I've been digitizing the back catalog of family photos of late. I'm within about 250 - 500 photos of completing the task for my immediate family. That's my wife and our three kids. I still have a significant drawer full of pictures from my childhood and even some of my parents as children and young adults to get to next. It's a daunting task, but one that has been more meaningful than I'd expected.
It reminds me:
- of events that I'd completely lost from easy access memory.
- just how quickly time passes.
- to be grateful for my life and the people in it!
It reminds me of lost events.
I discovered many events from the past that I'd not thought of in many years. And as I thought about them, I realized, that without these images there was really no obvious pathway that would have taken my mind to that event. It's strange how the simplest of things can be meaningful enough at the time to take candid photos. Yet as the years pass by, that simple moment is tucked away onto a dusty shelf of memory and never brought out again.

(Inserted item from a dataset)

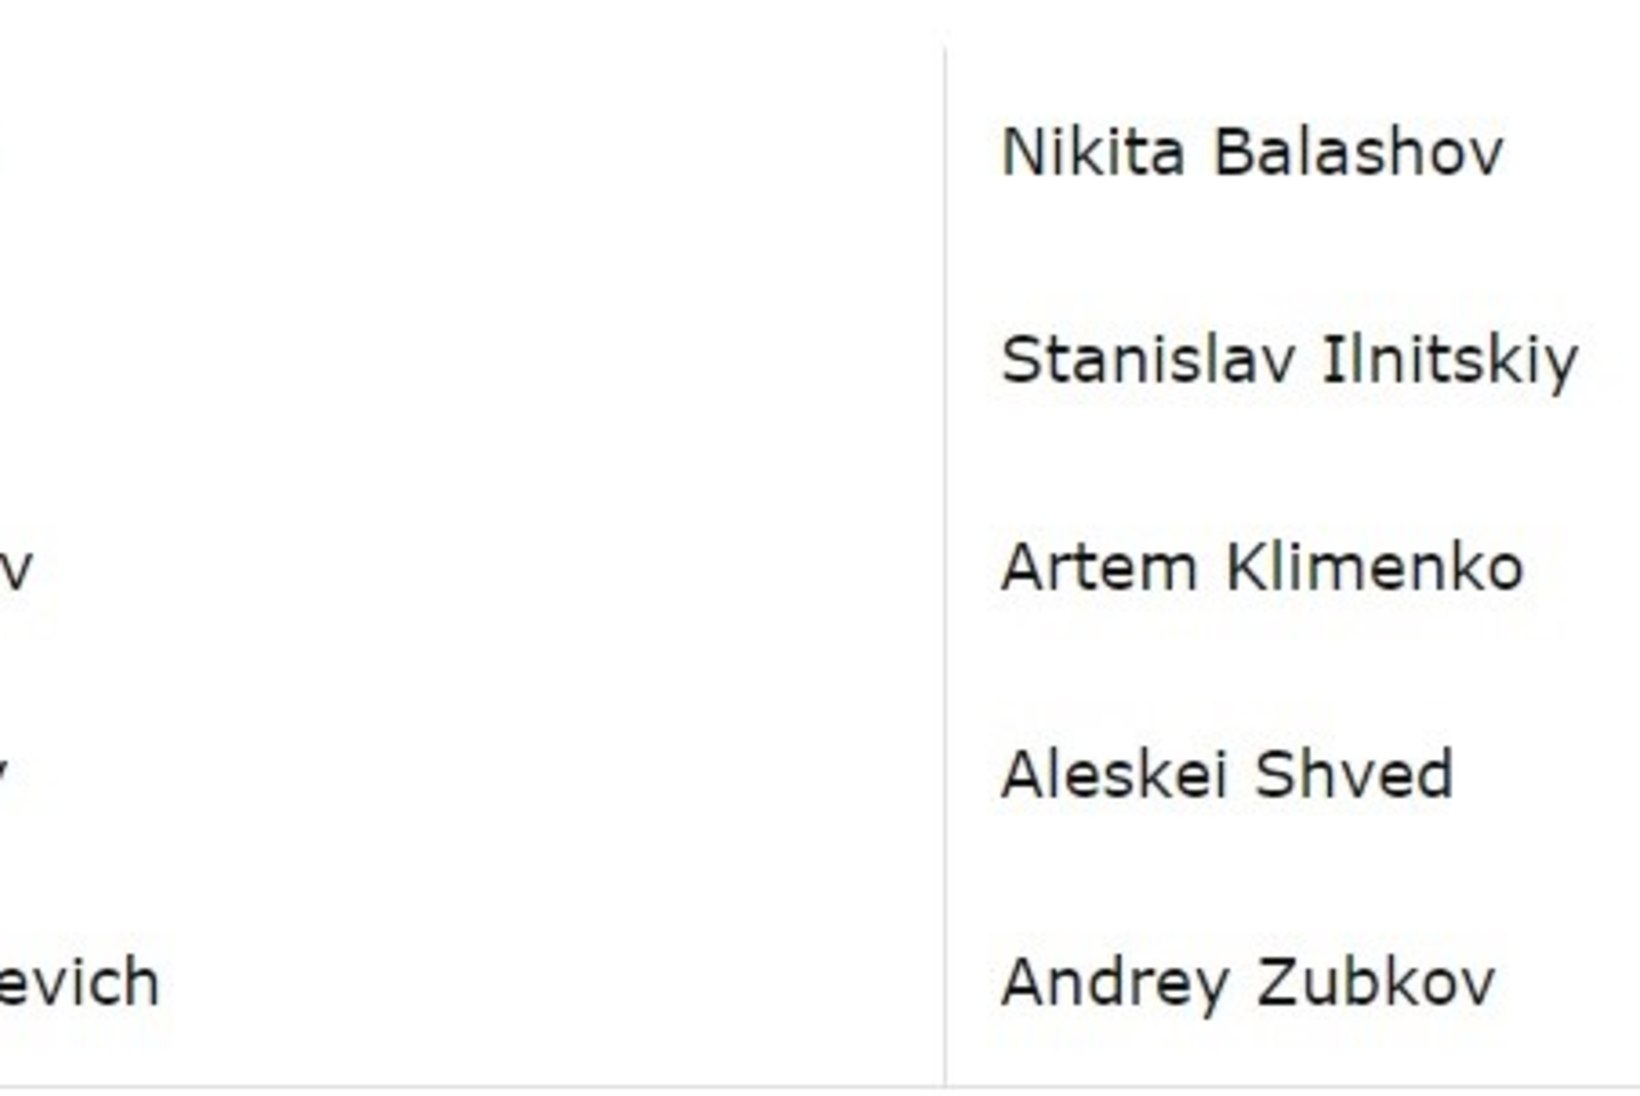 Venemaa korvpallikoondis tahab järgmisteks üliolulisteks mängudeks kokku ajada kogu kaardiväe eesotsas Švediga
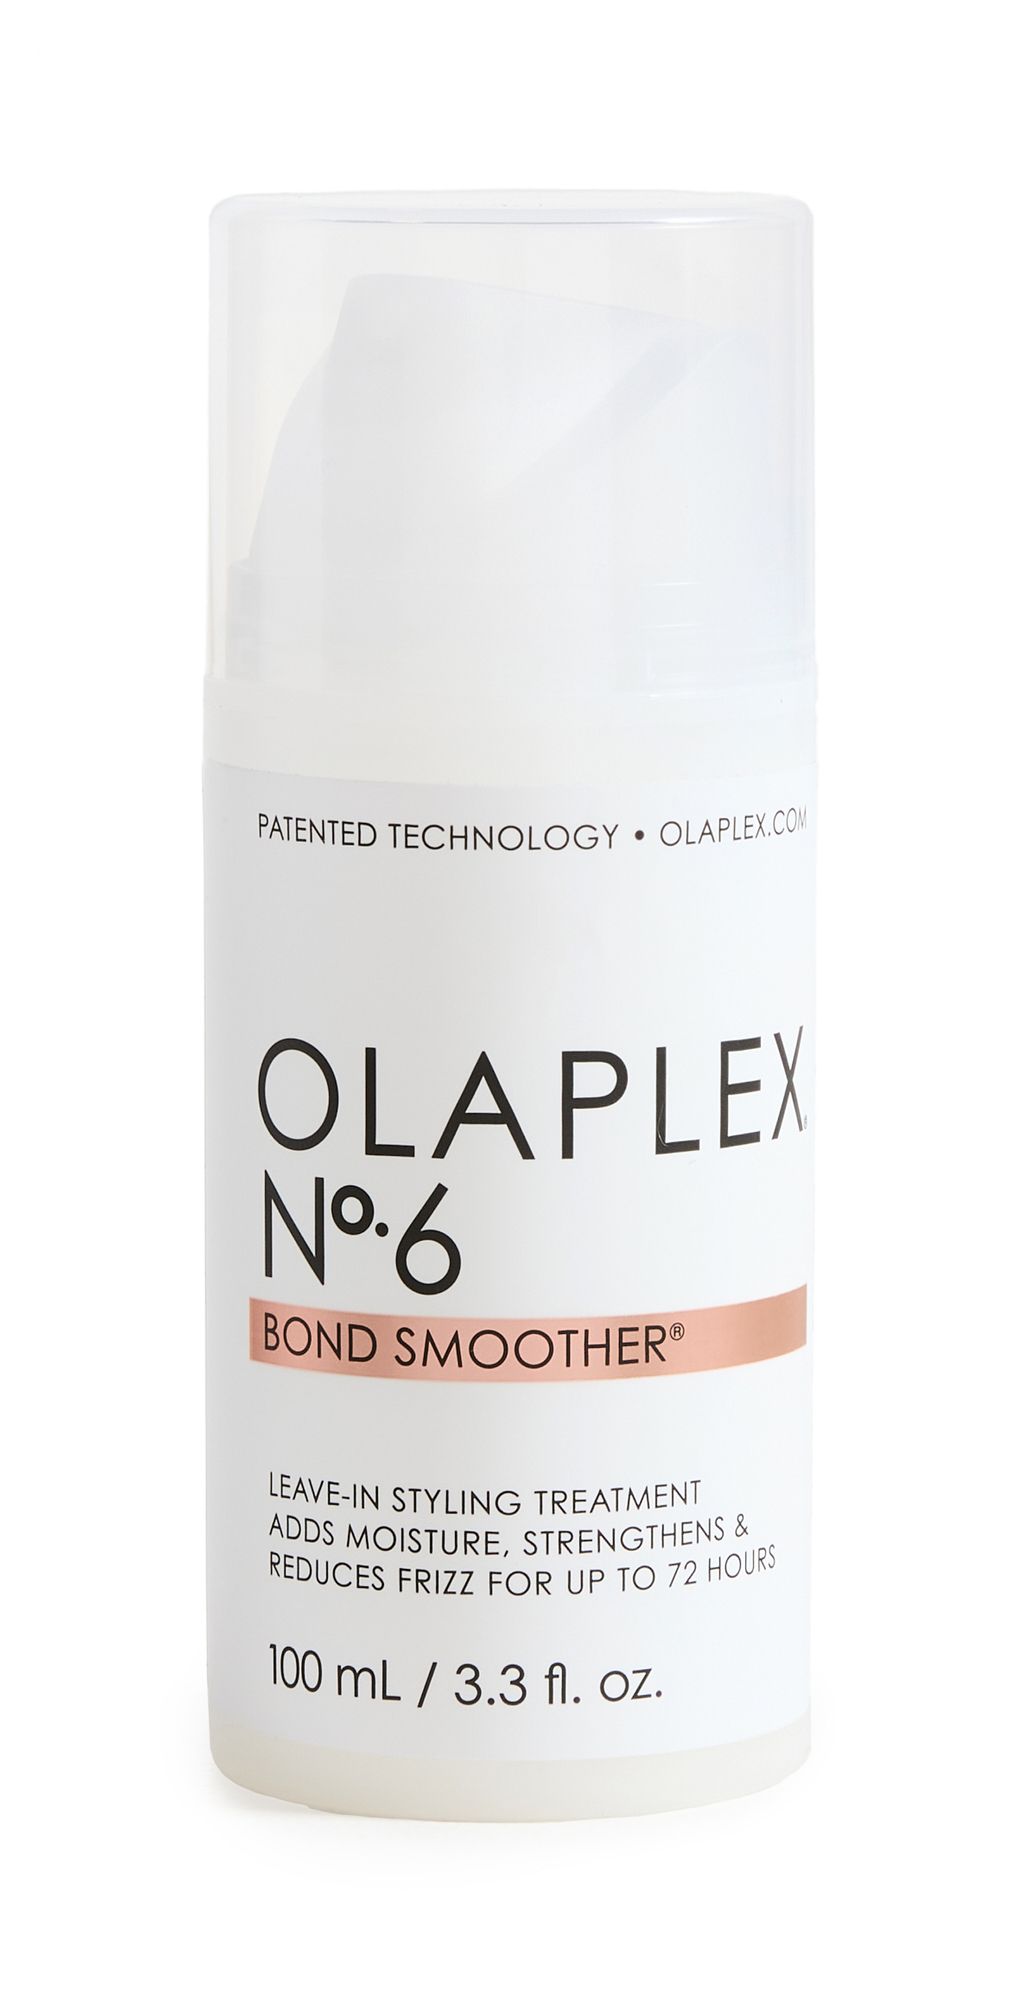 OLAPLEX No.6 Bond Smoother | Shopbop

It reminds me of time passing.
As our youngest is travelling the world on her own and our first grandchild is filling our current photo albums (digital albums now thankfully!) I'm surprised at how much of life has shot by. I'm savoring each moment more as I look at the images that remind me that nights with colicky babies are endless, but a generation passes in an eye blink.
It makes me grateful.
I have been overwhelming blessed in this life. In moments of discomfort or distress I can easily lose sight of how much blessing I've enjoyed. It's well known that a small amount of 'bad' can swamp our perception of a whole lot of 'good'. Looking at the images of my life I can honestly say that I've had bad days, but my life has been wonderful.
I started this task to make room in my closets, hope chests and drawers for currently useful material. That mission is being accomplished. What I wasn't expecting is how much room this has created in my mind for hope, joy and peace.